You get someone to file a SQL Server enhancement request/bug report because nearly all the listed workarounds to this amazingly simple issue here have some deficiency or are inefficient. This still appears to be true in SQL Server 2012. The auto trimming feature may stem from ANSI/ISO SQL-92 but there seems to be some holes (or lack of counting them).

Please vote up "Add setting so LEN counts trailing whitespace" here:

https://feedback.azure.com/forums/908035-sql-server/suggestions/34673914-add-setting-so-len-counts-trailing-whitespace

Retired Connect link: https://connect.microsoft.com/SQLServer/feedback/details/801381


There are problems with the two top voted answers. The answer recommending DATALENGTH is prone to programmer errors. The result of DATALENGTH must be divided by the 2 for NVARCHAR types, but not for VARCHAR types. This requires knowledge of the type you're getting the length of, and if that type changes, you have to diligently change the places you used DATALENGTH.

There is also a problem with the most upvoted answer (which I admit was my preferred way to do it until this problem bit me). If the thing you are getting the length of is of type NVARCHAR(4000), and it actually contains a string of 4000 characters, SQL will ignore the appended character rather than implicitly cast the result to NVARCHAR(MAX). The end result is an incorrect length. The same thing will happen with VARCHAR(8000).

What I've found works, is nearly as fast as plain old LEN, is faster than LEN(@s + 'x') - 1 for large strings, and does not assume the underlying character width is the following:

DATALENGTH(@s) / DATALENGTH(LEFT(LEFT(@s, 1) + 'x', 1))

This gets the datalength, and then divides by the datalength of a single character from the string. The append of 'x' covers the case where the string is empty (which would give a divide by zero in that case). This works whether @s is VARCHAR or NVARCHAR. Doing the LEFT of 1 character before the append shaves some time when the string is large. The problem with this though, is that it does not work correctly with strings containing surrogate pairs.
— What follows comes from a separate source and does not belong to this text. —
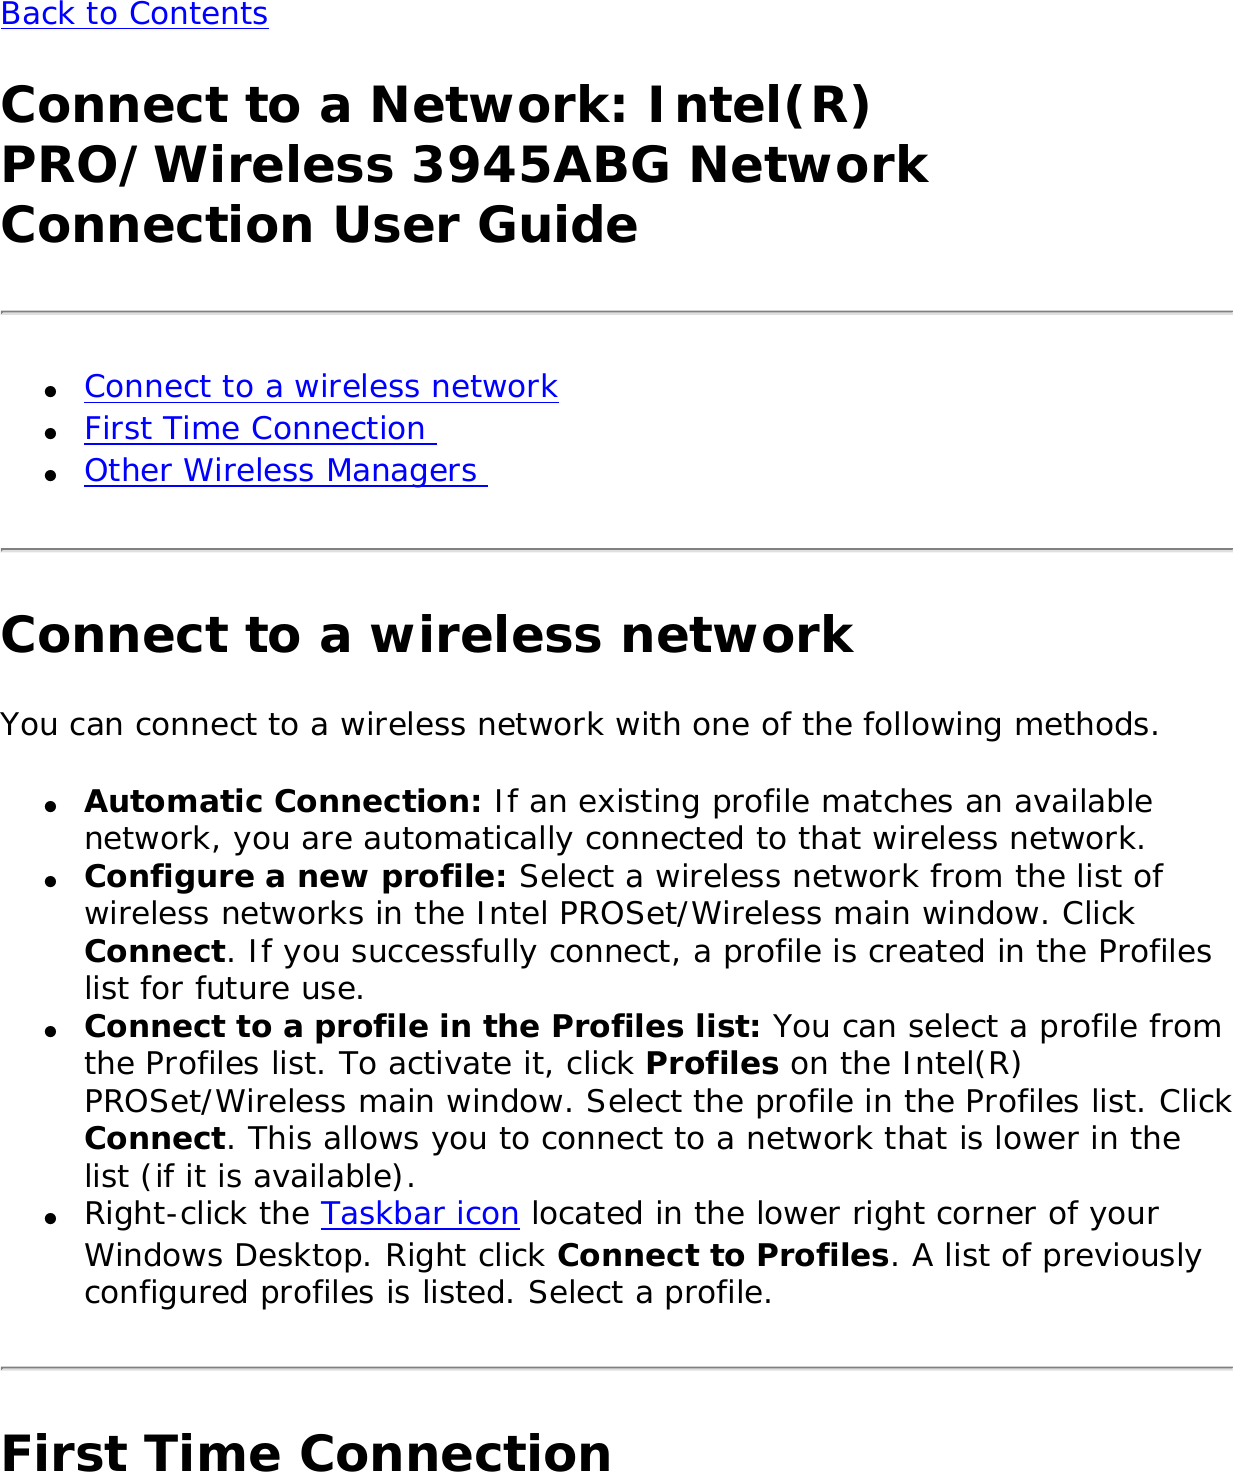 Back to Contents Connect to a Network: Intel(R) PRO/Wireless 3945ABG Network Connection User Guide●     Connect to a wireless network ●     First Time Connection ●     Other Wireless Managers Connect to a wireless networkYou can connect to a wireless network with one of the following methods. ●     Automatic Connection: If an existing profile matches an available network, you are automatically connected to that wireless network. ●     Configure a new profile: Select a wireless network from the list of wireless networks in the Intel PROSet/Wireless main window. Click Connect. If you successfully connect, a profile is created in the Profiles list for future use.●     Connect to a profile in the Profiles list: You can select a profile from the Profiles list. To activate it, click Profiles on the Intel(R) PROSet/Wireless main window. Select the profile in the Profiles list. Click Connect. This allows you to connect to a network that is lower in the list (if it is available). ●     Right-click the Taskbar icon located in the lower right corner of your Windows Desktop. Right click Connect to Profiles. A list of previously configured profiles is listed. Select a profile.First Time Connection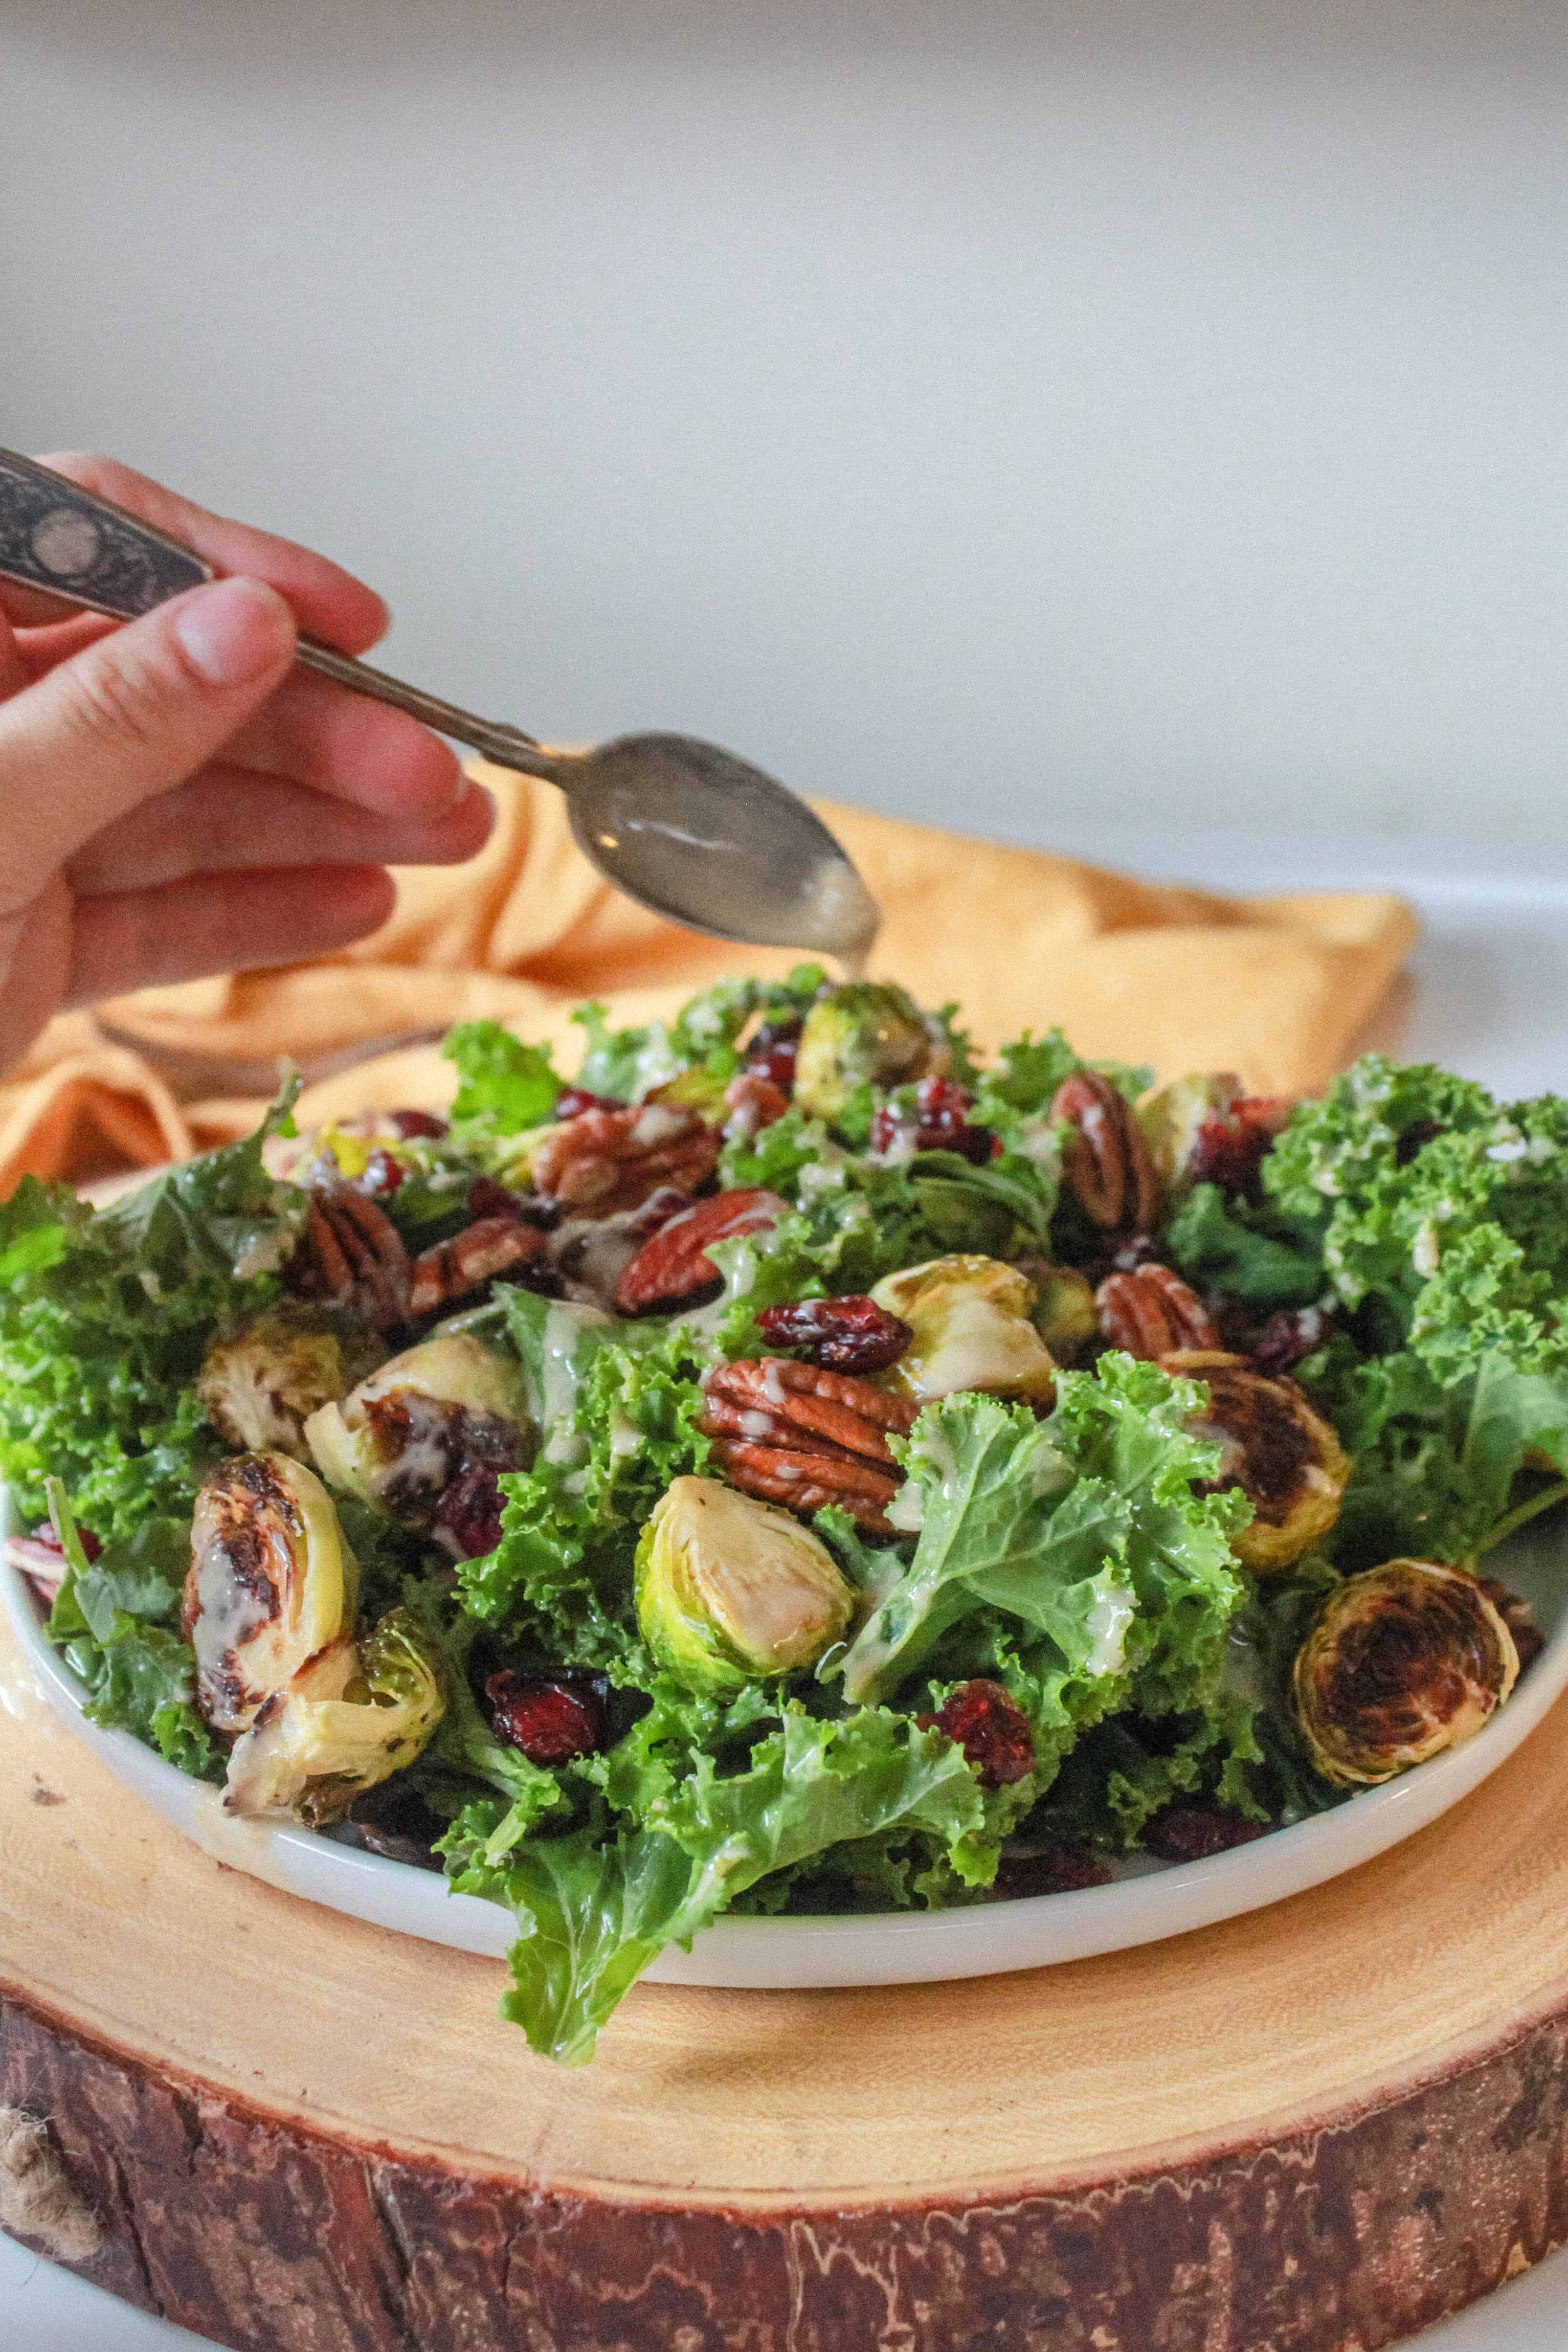 Kale Salad with Brussel Sprouts, Cranberries, and Pecans

There is another way mentioned in a comment to the accepted answer, using REPLACE(@s,' ','x'). That technique gives the correct answer, but is a couple orders of magnitude slower than the other techniques when the string is large.

Given the problems introduced by surrogate pairs on any technique that uses DATALENGTH, I think the safest method that gives correct answers that I know of is the following:

LEN(CONVERT(NVARCHAR(MAX), @s) + 'x') - 1

This is faster than the REPLACE technique, and much faster with longer strings. Basically this technique is the LEN(@s + 'x') - 1 technique, but with protection for the edge case where the string has a length of 4000 (for nvarchar) or 8000 (for varchar), so that the correct answer is given even for that. It also should handle strings with surrogate pairs correctly.